Organization of Cells

Levels of Organization An organism is a living creature made up of one or more cells. In complex organisms these cells are specialized. They join up with similar cells to form tissues. The tissue combine with other tissue to help form a system that is responsible for one or more jobs. An organism needs its systems to keep it alive.

Level 1: Cell The cell is the basic unit of life. Anything that is alive is either a cell, or made up of multiple cells. Everything that is done in an organism is done by and for the cells in it. Cells need to obtain energy, nutrients, eliminate wastes, grow, and reproduce. Cells have their own organelles (little organs) which perform these tasks on cellular level.

Level 2: Tissue Long ago cells began to join together to form more complex organisms. These organisms were still very simple, but were also very successful. They operated as larger unit and began to specialize in function In our bodies, cells join up with other similar cells to form a specialized tissue.

Level 3: Organ Organ - Tissues that together form a part of the body that performs one or more specialized functions. The tissue here is specialized. In most organisms the loss of an organ would probably mean death as its job cannot be performed by other tissues. Examples include: the brain, lung, heart, stomach, kidney, liver, small intestine.

Level 4: System Larger organisms began to evolve and, because of their size, needed to have larger, specialized systems to perform the necessary tasks. Cells began to specialize and form systems which got the jobs done. In our bodies every cell is part of a system which is responsible for one or more major functions to help keep us alive. If the system fails, we die.

Level 5: Organism Organisms that are multicellular have specialized systems that do the same things that a one celled organism can do; it is just more successful on a larger scale. Remember that all living things are collections of cells. A dog is just a collection of organized cells working together to achieve two common goals: survival and reproduction.

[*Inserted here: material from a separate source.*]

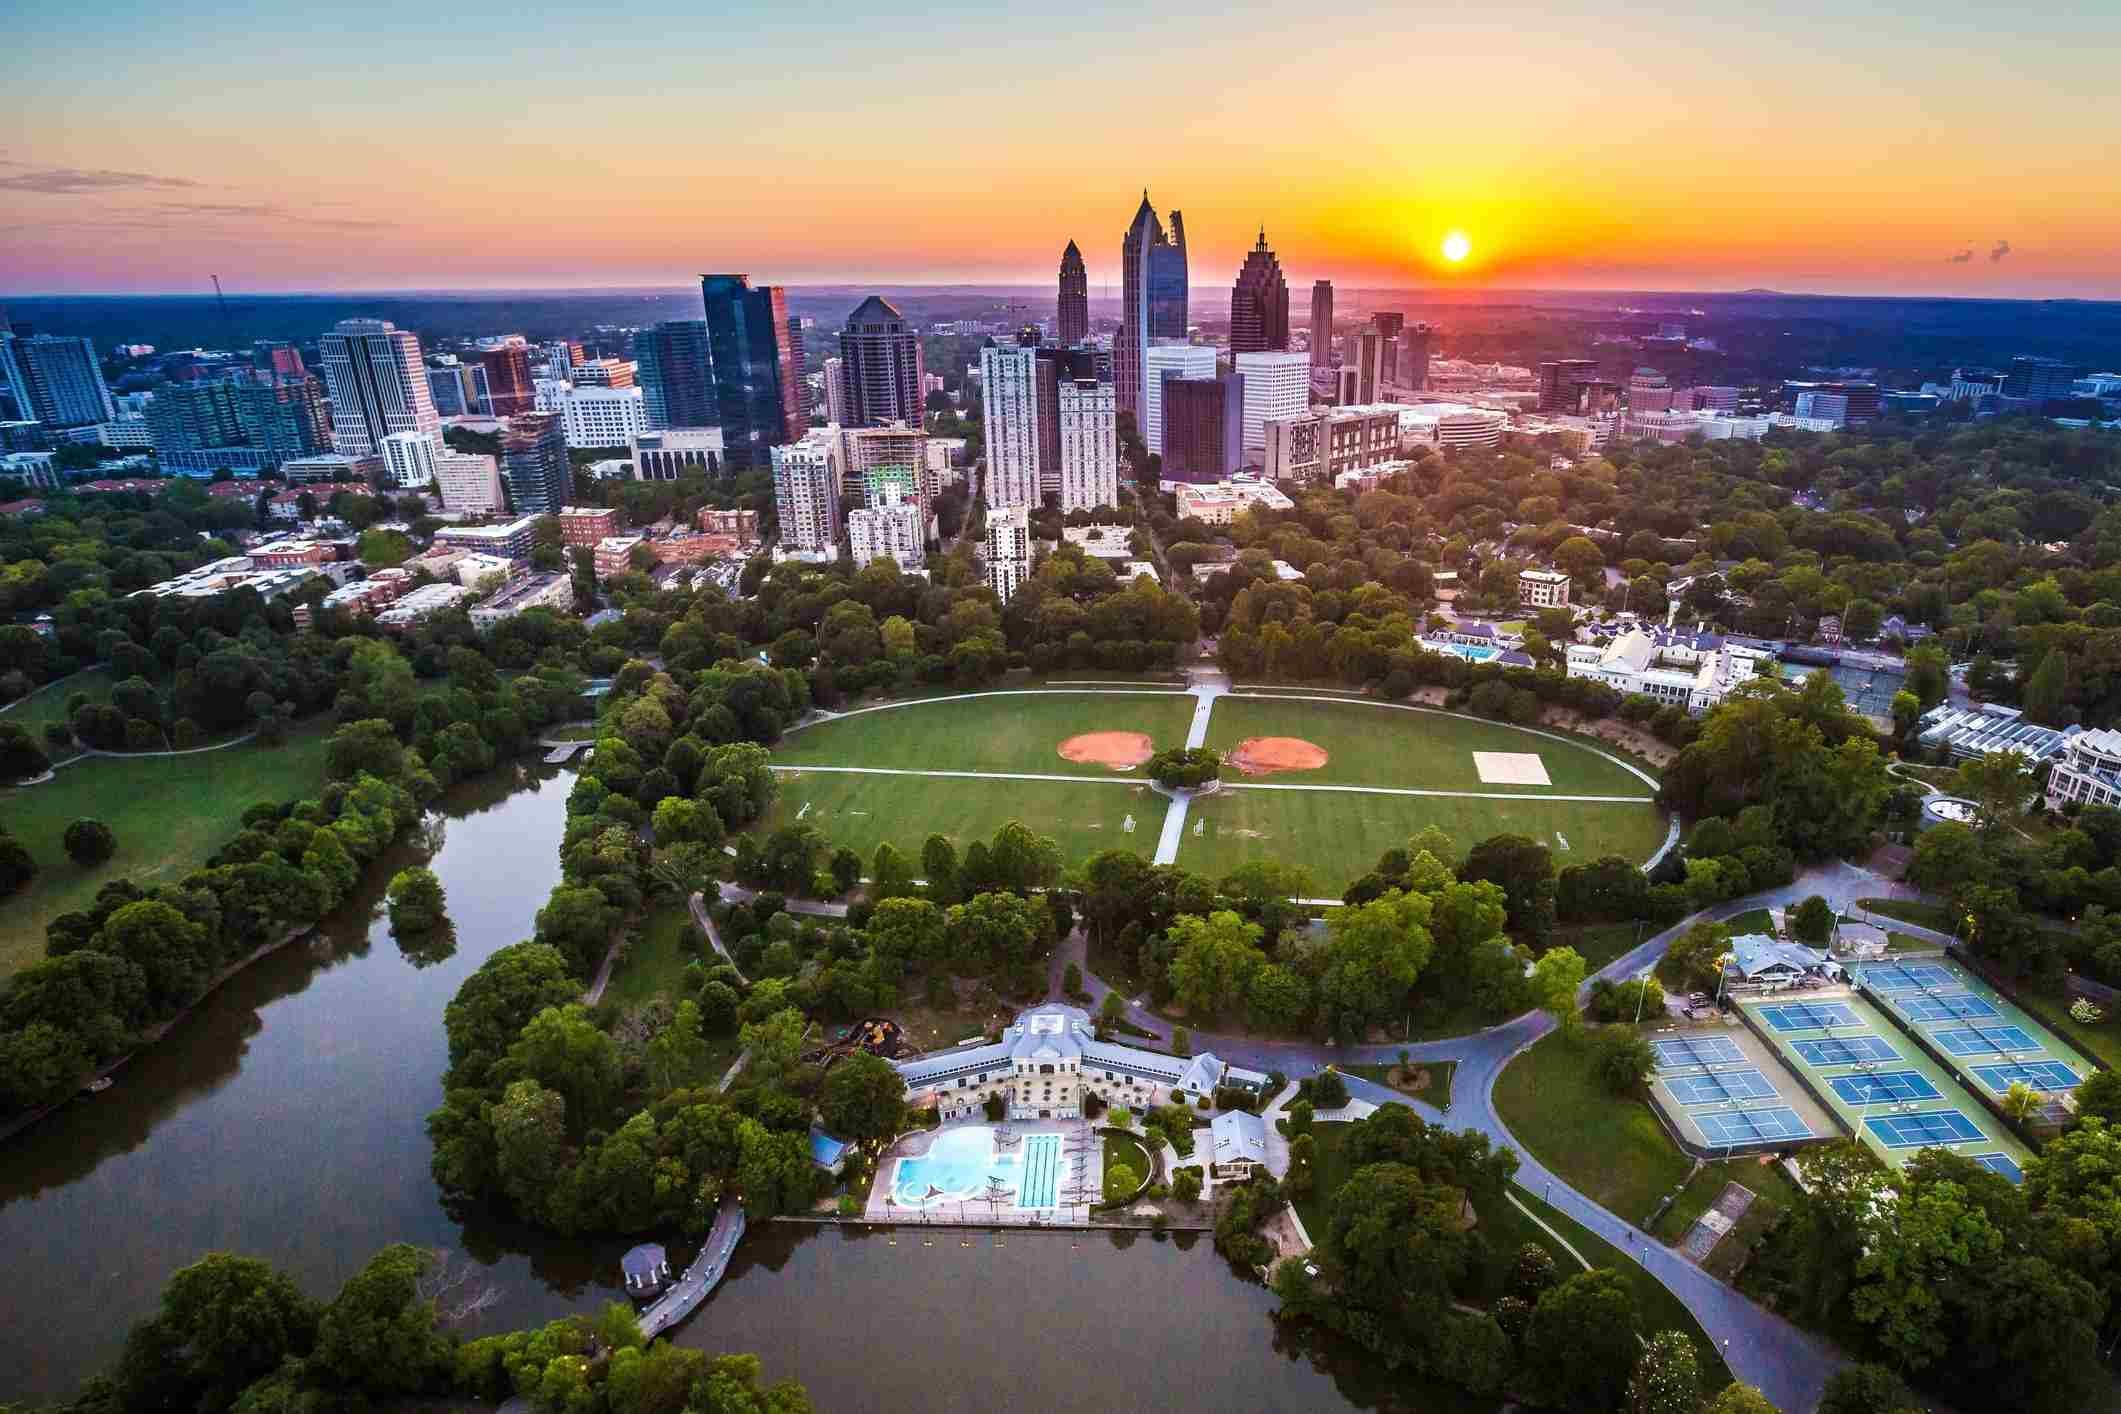 Aerial view of Piedmont Park, Atlanta

Five Fundamental Functions Each living thing from a cell to an organism must find a way to carry out each other these functions, or it will die.

I. Energy Energy is needed to carry out all of the other functions necessary for life. Animals get this energy from eating plants and other animals. Plants get this energy from the sun.

II. Environment All living things need to interact with their environment in order to survive and reproduce.

III. Reproduction While not all living things reproduce, as a species if the organisms do not reproduce the species will die out.

IV. Growth All living things start out small and undeveloped and become larger and more complex.

V. Produce Wastes Wastes are by-products of the other functions. They can be poisonous to the organism and therefore must be removed.